— Exercise data —
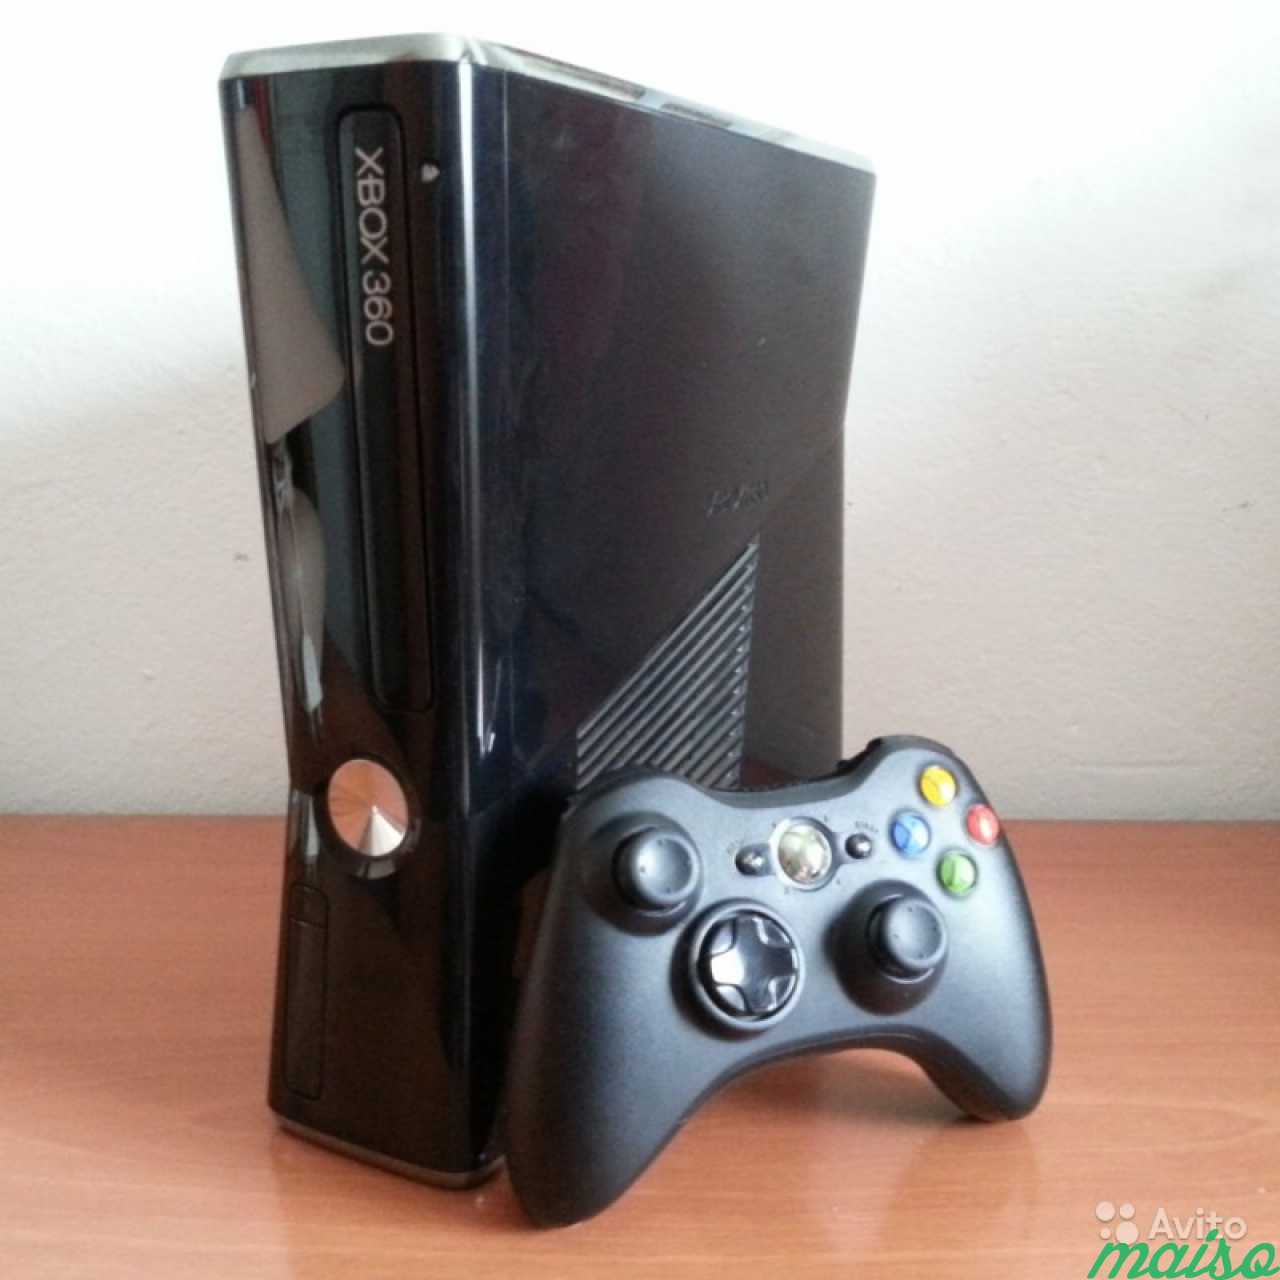 Хбох фрибут. Xbox 360 Slim. Xbox 360 Slim freeboot. Xbox 360 Slim 250gb. Xbox 360 Slim 360.
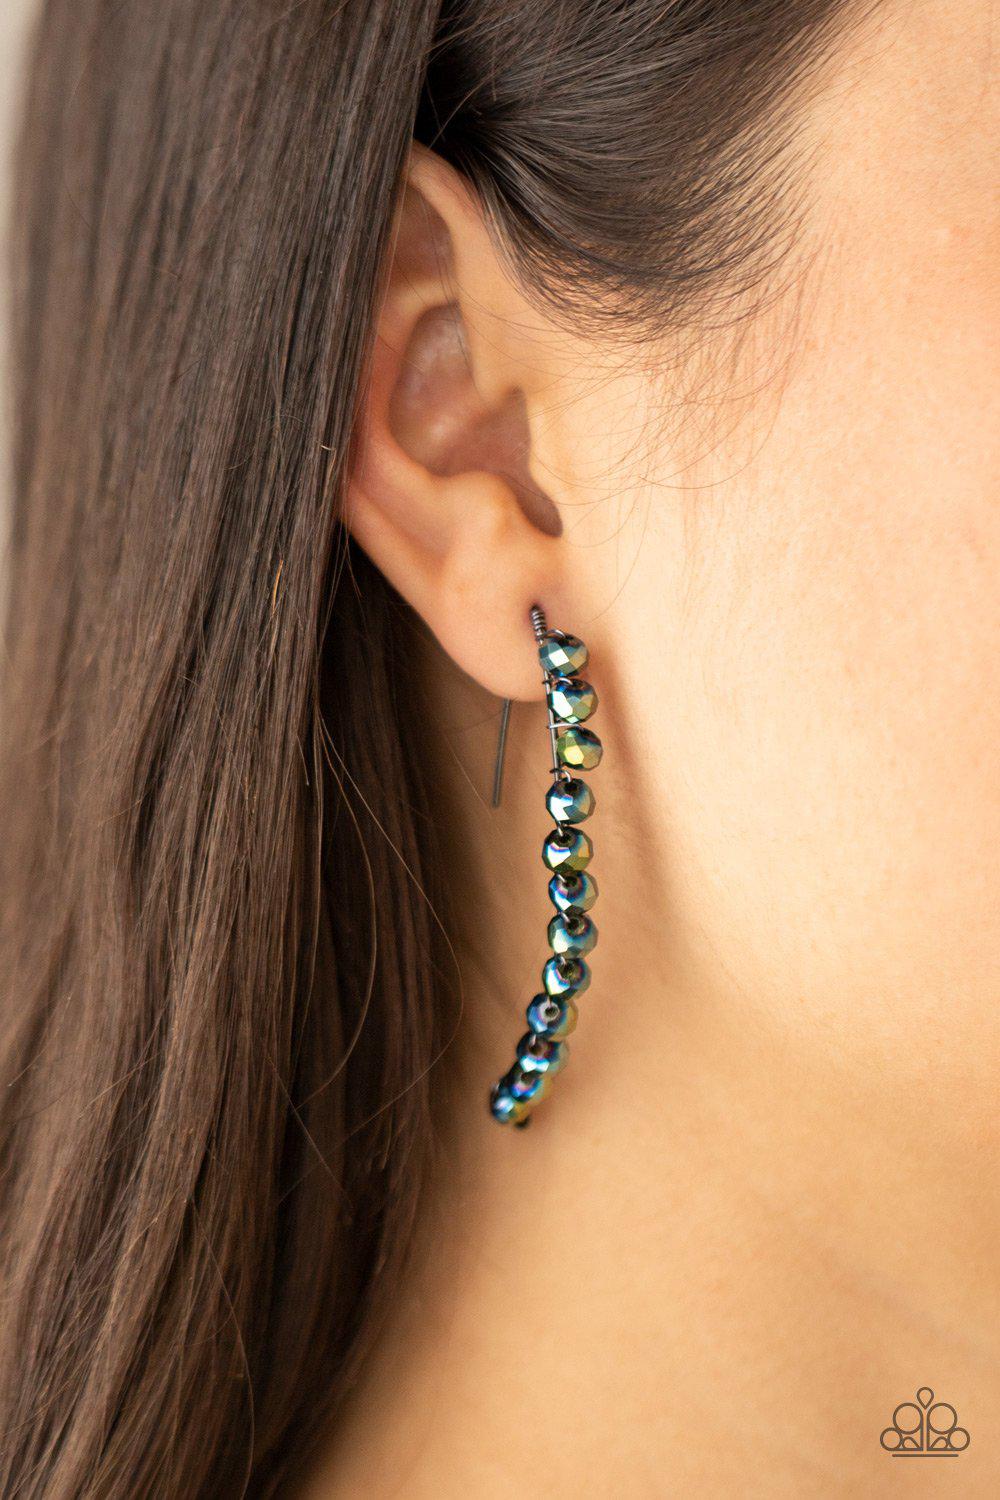 GLOW Hanging Fruit Multi Iridescent Blue Rhinestone Post Earrings - Paparazzi Accessories- model - CarasShop.com - $5 Jewelry by Cara Jewels
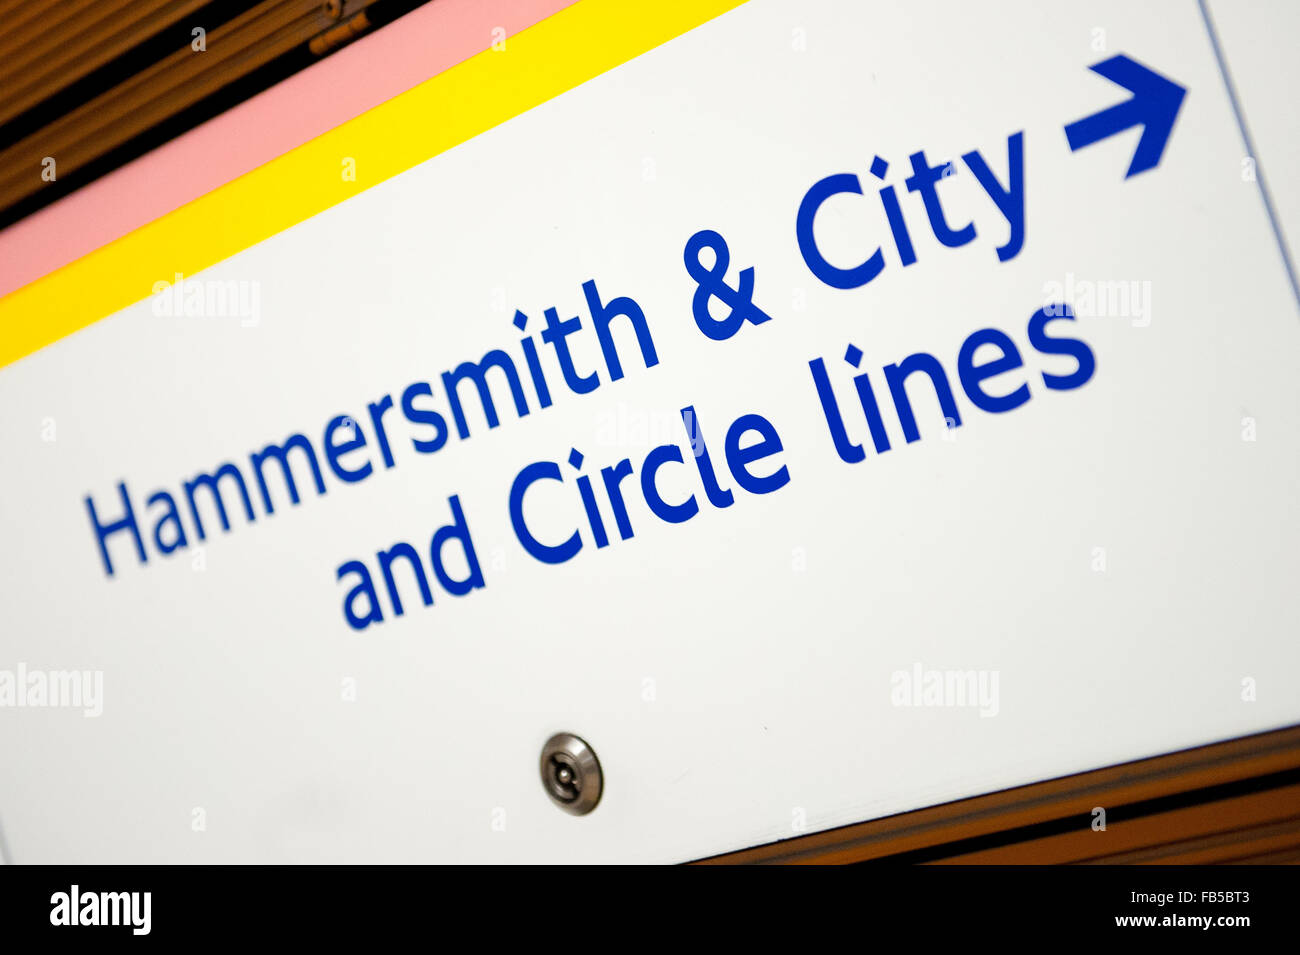 Hammersmith & City Line London Underground tube station in London Stock  Photo - Alamy
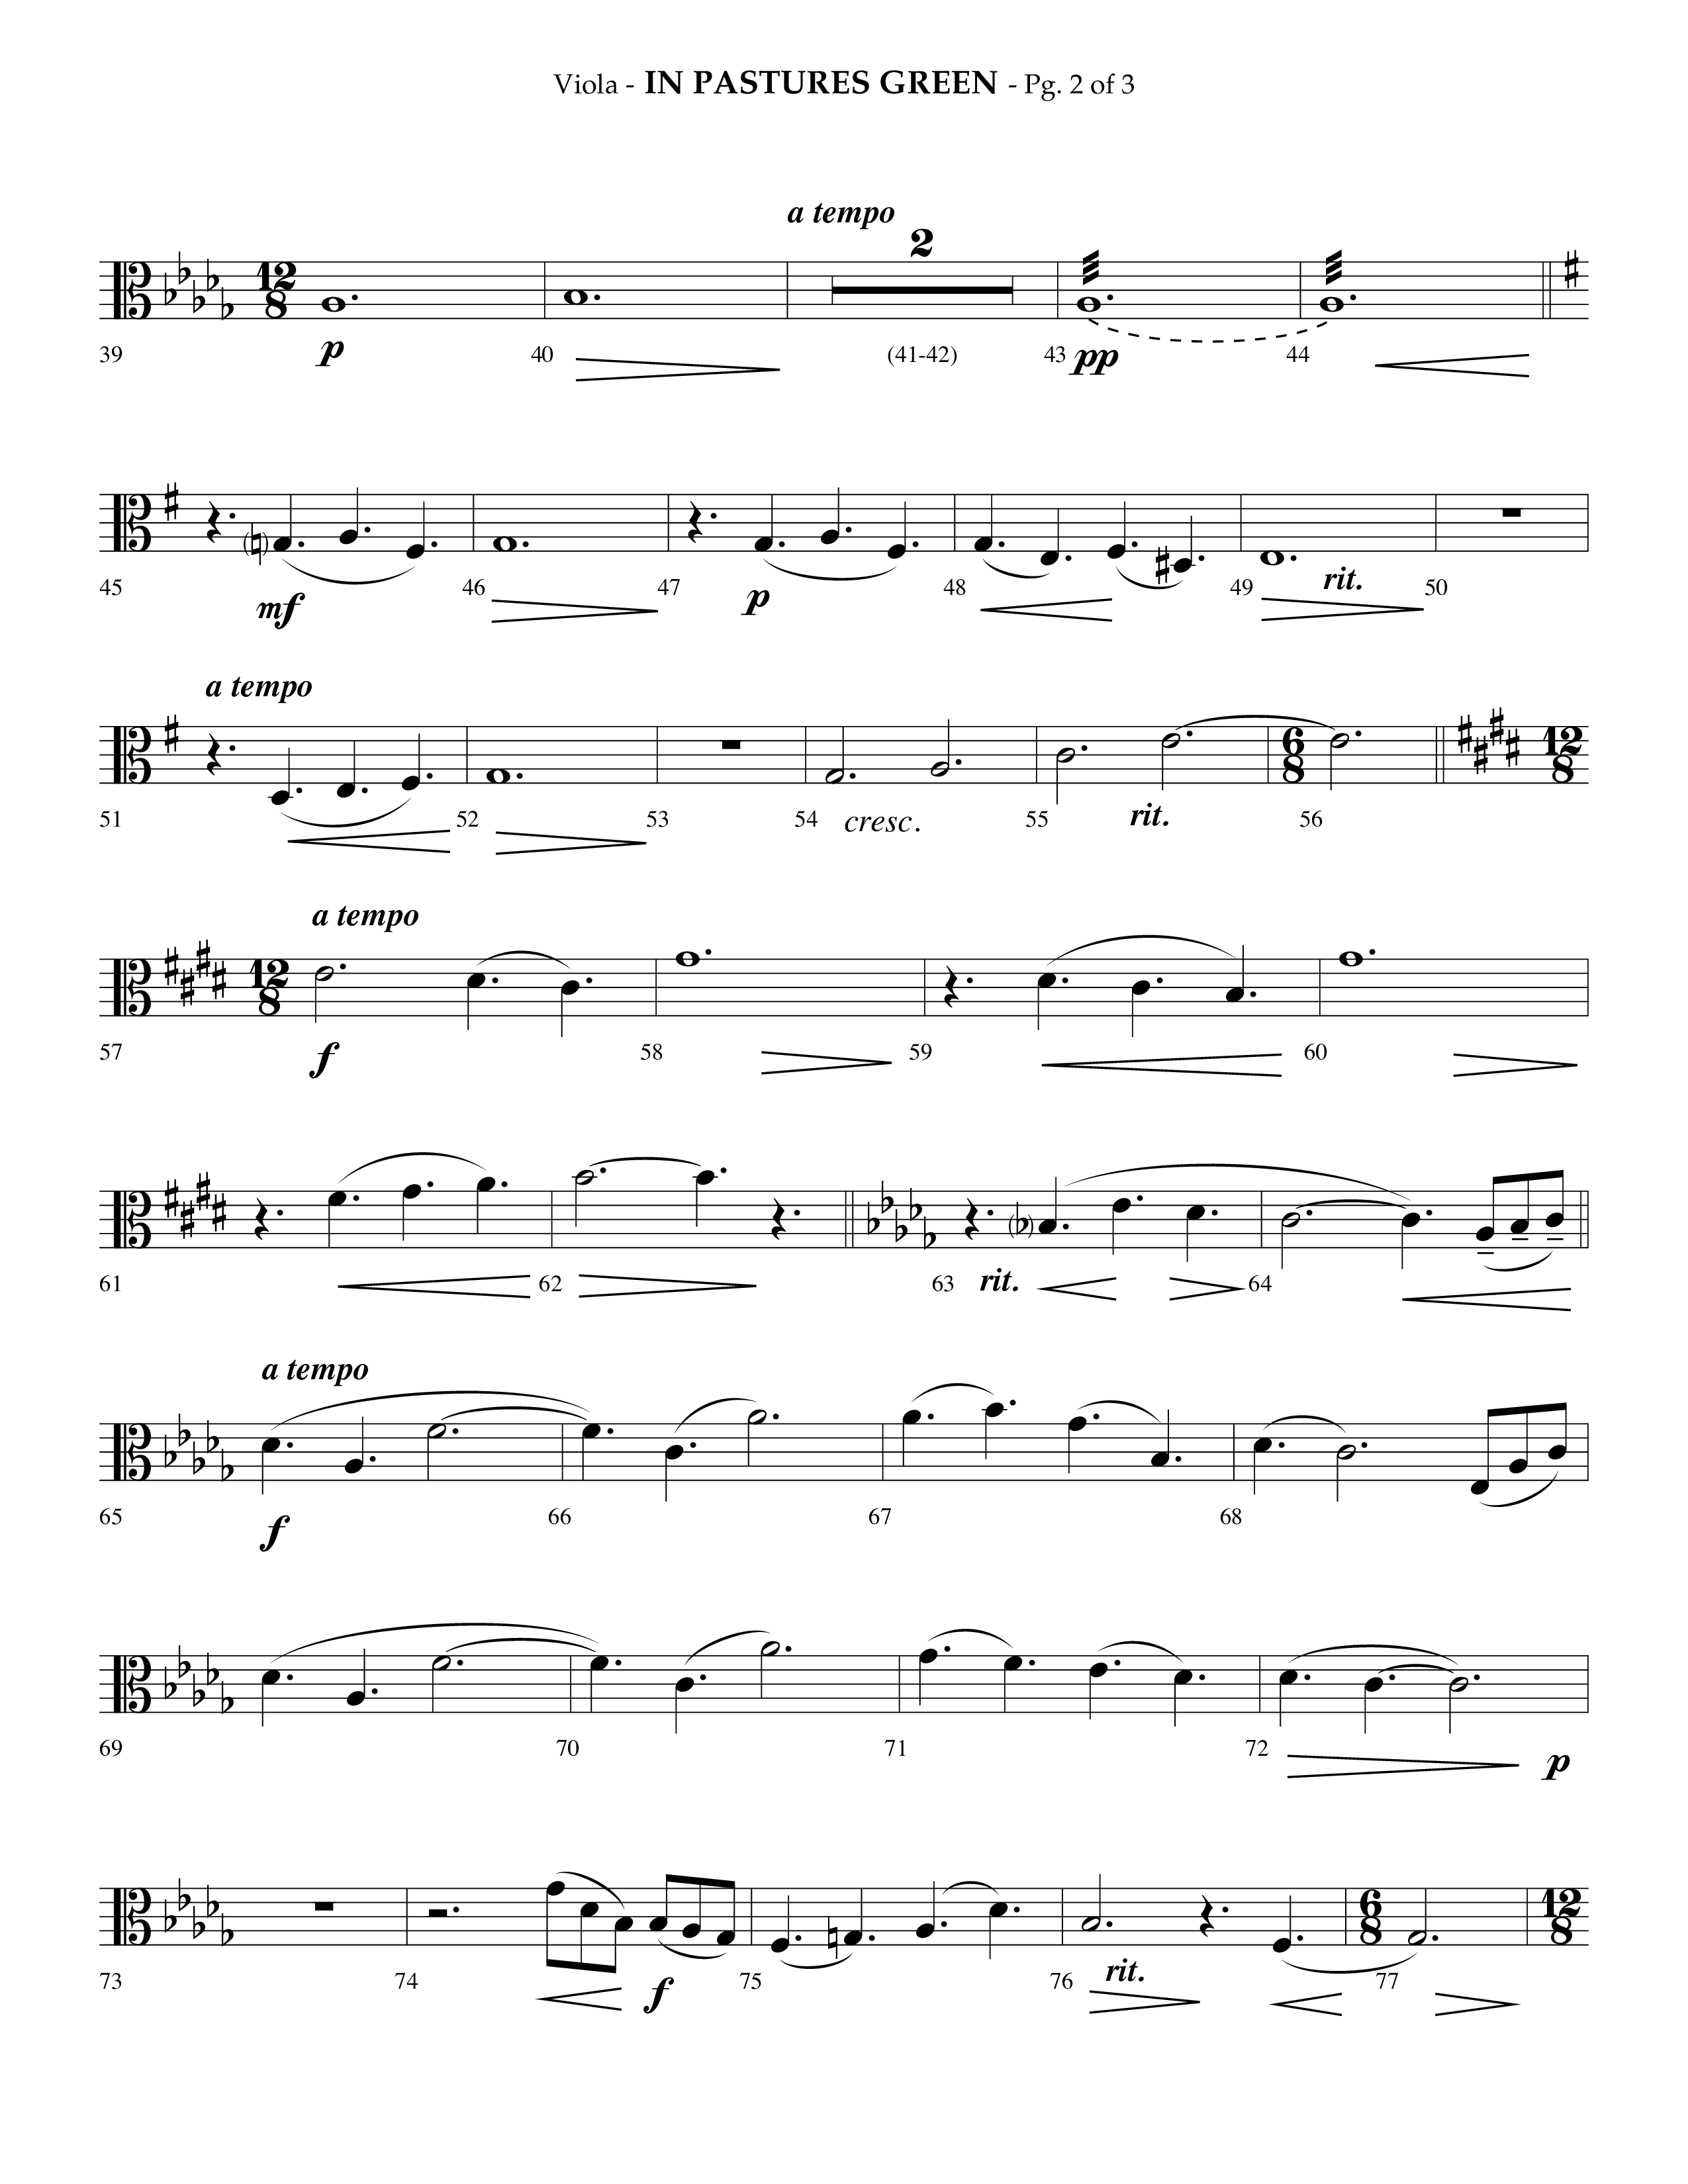 In Pastures Green (Choral Anthem SATB) Viola (Lifeway Choral / Arr. Phillip Keveren)

— Task instructions —
Please repeat exactly the data above from its first line to the line that contains "Hammersmith & City", inclusive, and leave every picture out.

— Answer to the exercise —
 Хбох фрибут. Xbox 360 Slim. Xbox 360 Slim freeboot. Xbox 360 Slim 250gb. Xbox 360 Slim 360.
 GLOW Hanging Fruit Multi Iridescent Blue Rhinestone Post Earrings - Paparazzi Accessories- model - CarasShop.com - $5 Jewelry by Cara Jewels
 Hammersmith & City Line London Underground tube station in London Stock  Photo - Alamy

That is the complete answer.